There are likely a dozen or more Queensrÿche compilations in circulation, some official and some just the same licensed tripe that most mainstream rock bands from the 70s-90s churned out and continue to churn out in the name of recycled profit. As part of my pilgrimage to revisit the progressive metal titan's backlog, I'll only be covering the two I've had exposure to, beginning with Greatest Hits, which was released near the dawn of the new century, the band's icon hovering proudly  against a cloudy sky in a timeless posture which presumably represents the strength of the material included. And, more or less, this is indeed a collection of the band's highest selling singles, so there is no falsehood in its advertising...the question is, does this hold any value for the long suffering Queensrÿche fan?

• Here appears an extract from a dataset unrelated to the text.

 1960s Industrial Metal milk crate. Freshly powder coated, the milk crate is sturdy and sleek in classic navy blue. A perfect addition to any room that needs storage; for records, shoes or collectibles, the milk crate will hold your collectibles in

Not really. If you were, say, a rare teenager during the early 'oughts who had an interest in 80s hard rock or metal with progressive tendencies, and weren't just rabidly downloading and consuming all the albums available to you, and had heard of this Seattle mainstay and desired an introduction, then Greatest Hits might have satisfied you. Most of the songs are quite good, being that they are drawn primarily from the band's classic material ranging from the eponymous EP (1982) through Hear in the Now Frontier (1997), the latter of which is the point at which my own interest in the group's output had completely dropped off. The material is presented chronologically, with about 2 cuts per record (3 for their most popular effort Empire), and in all honesty this allows one to follow the band's develop through the more traditional power metal roots through their conceptual explorations and, ultimately, watering down into a more melodic and rock inflected project. Necessities like "Queen of the Reich", "Warning", "Walk in the Shadows", "Eyes of a Stranger", "Empire" and "Silent Lucidity" are all present, but let's face it, most of the target audience for this collection had already spun these cuts to death and possibly owned them in a number of formats (CD and cassette, at least, possibly vinyl).

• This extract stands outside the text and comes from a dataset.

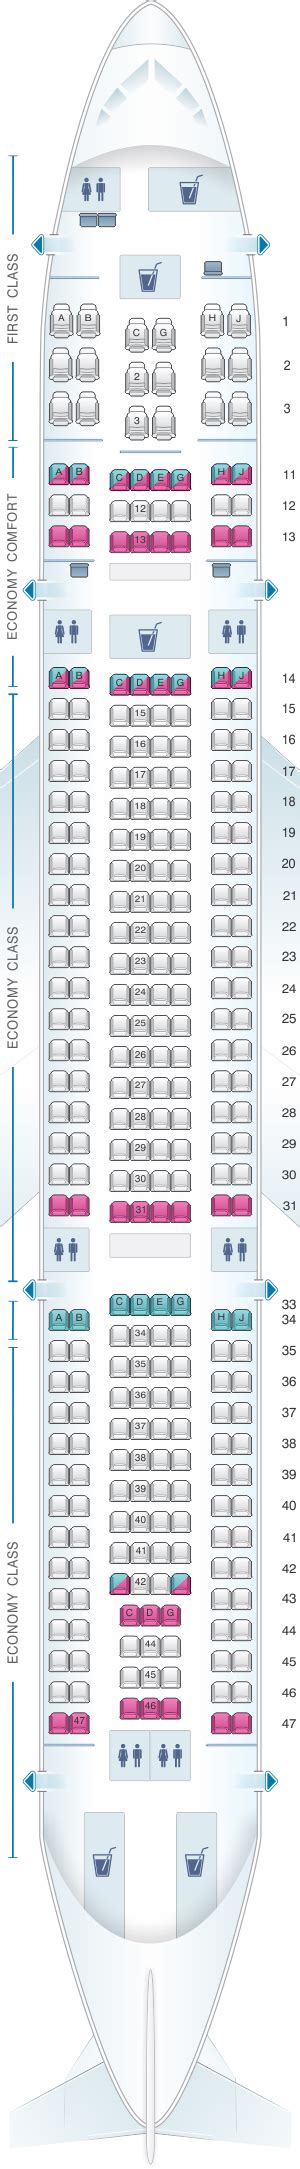 Airbus A Seat Map Hawaiian Two Birds Home

Of more interest for me were the B-side "Chasing Blue Sky" and the full-band rendition of "Someone Else?" from the Promised Land album. The latter has of course been included with that album's 2003 reissue, but at the time this was the place to find it. "Chasing..." is your pretty average, mellow acoustic rock track that Queensrÿche were peddling quite often through the 90s and beyond, with an incomprehensibly basic bass line, melodic and soothing chorus, and the slight tint of blues. It's the sort of tune you could listen to deep in your cups while feeling sorry for yourself, but the musical composition is barebones, effortless, and far too safe; the chorus average at best, and even the bridge with its harmonica solo and glinted guitars does little to burrow it any deeper into the conscience. In short, it's as boring as Bud Light, a favored libation, no doubt, of many who enjoy songs like this. On the other hand, the heavier version of "Someone Else?", a longer and harder rocking alternate to the original which featured Tate and a piano, is an improvement. The sax might feel cheesy, and for the most part it's still a wimpy ballad with clean guitars and Tate channeling his best "Silent Lucidity" timbre, but it's mildly more developed and dense than the Promise Land version, and I do think the chorus is catchy enough for this period.

Greatest Hits is sensible enough in terms of its selections and ordering, and at least the band and label aspired to offer the fan SOMETHING he/she might not have already owned, but in the long term this has been rendered entirely ineffectual by better bargains in the band's remastered catalog, or the later compilation Sign of the Times which featured nearly the exact same line-up of tracks on its first disc (with just a few alternate choices), but also featured a second disc of rarities and demos. The Greatest Hits CD works well enough to check your lipstick when there's no other mirror available, or as a clean surface from which to sniff a few lines. The case could be used to replace another cracked jewel case in your collection. Otherwise, unless you're the person described in the beginning of the second paragraph of this review, and you spot this for a quarter at your local Salvation Army or used media outlet, its complete scrap.